Phylogenetic analysis

The amino acid sequences obtained from different datasets were aligned in MEGA776 using the ClustalW algorithm77. Maximum likelihood phylogenetic analyses were carried out in RaxML78, with 1000 bootstrap replicates and using the best fitting evolutionary model for each gene (LG + G for KS and L-asparaginase; and WAG + G for cellulase) using the Bayesian Information Criterion (BIC) as implemented in MEGA7. The resulting trees (Supplementary Figs S1, S2 and S3) were visualised and graphically edited in FigTree v1.4.3 (http://tree.bio.ed.ac.uk/software/figtree/).

Oligo design

Primers for reference genes (RGs) and genes of interest (GOI) were designed using the software Primer3 v. 0.4.0 (http://frodo.wi.mit.edu/primer3/).

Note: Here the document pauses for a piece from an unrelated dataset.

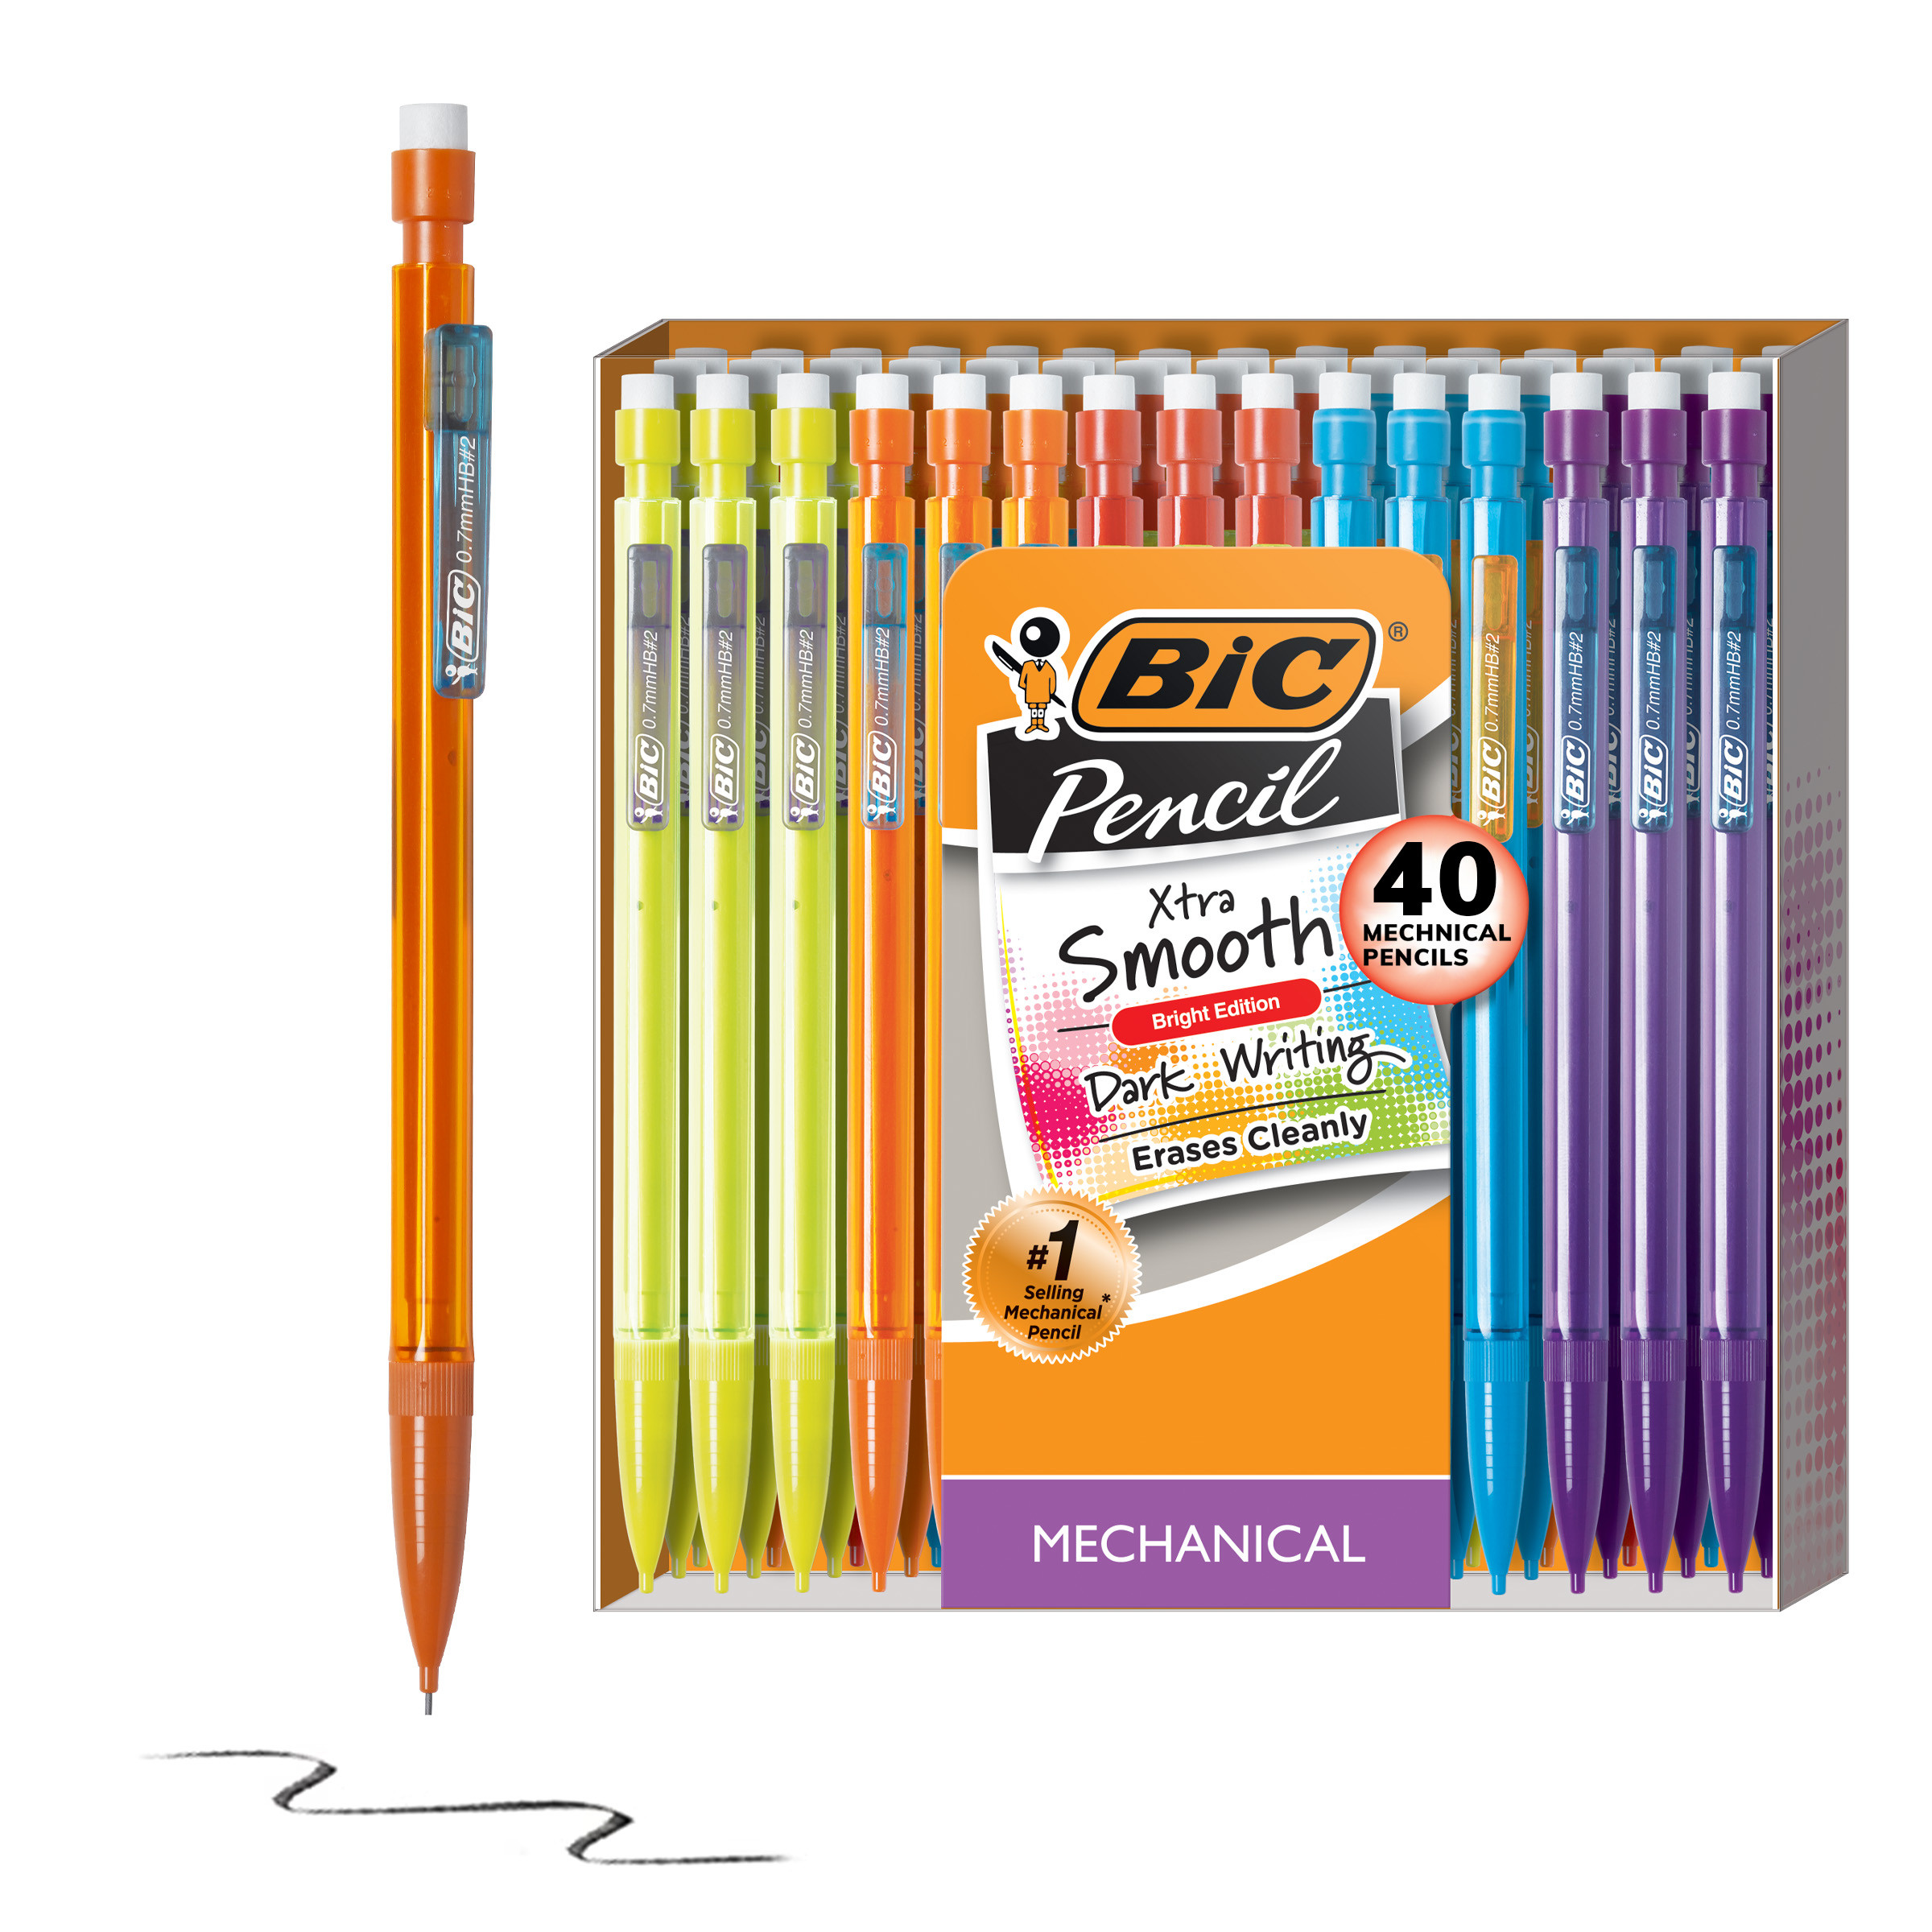 BIC Xtra-Smooth Mechanical Pencils with Erasers, Bright Edition Medium Point (0.7mm), Pack of 40 - image 1 of 9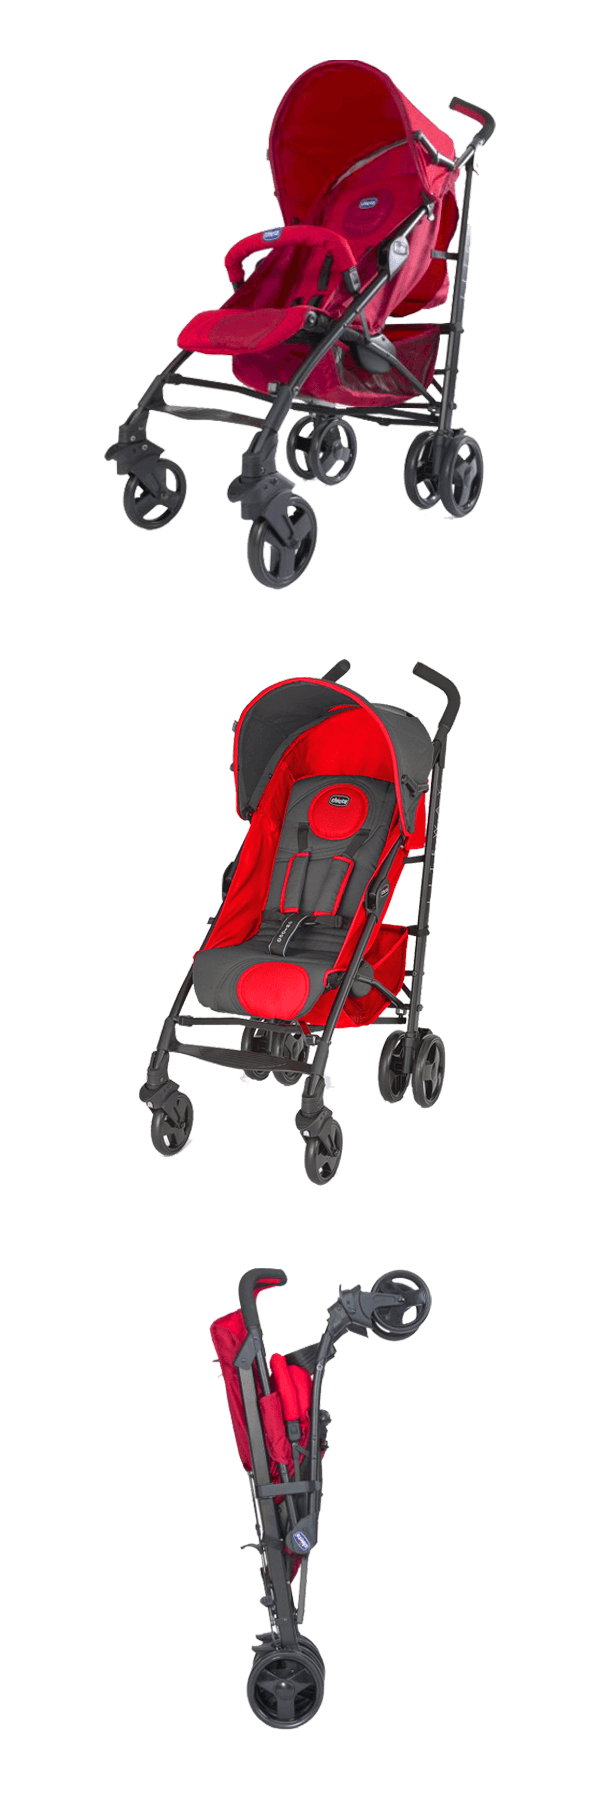 stroller configurations of Chicco Liteway

Supplementary Table S4 lists selected RGs and GOI, their functions, primers’ sequences and efficiencies. To determine the specificity of the amplification, designed primer pairs were first tested in PCR, optimized in a GeneAmp PCR System 9700 (Perkin Elmer) according to the reaction conditions detailed in ref.79. Amplified PCR products were then analyzed by 1.5% agarose gel electrophoresis in TBE buffer. Only PCR products that showed a single band on agarose gel were further considered for this study. The resulting single bands for each gene were excised from the gel and extracted with the GenEluteTM Gel Extraction Kit (SIGMA). Sequence reactions were obtained with the BigDye Terminator Cycle Sequencing technology (Applied Biosystems, Foster City, CA), purified in automation using the Agencourt CleanSEQ Dye terminator removal Kit (Agencourt Bioscience Corporation, 500 Cummins Center, Suite 2450, Beverly MA 01915 - USA) and a robotic station Biomek FX (Beckman Coulter, Fullerton, CA). Products were analyzed on an Automated Capillary Electrophoresis Sequencer 3730 DNA Analyzer (Applied Biosystems). The identity of each sequence was confirmed using the blastn function.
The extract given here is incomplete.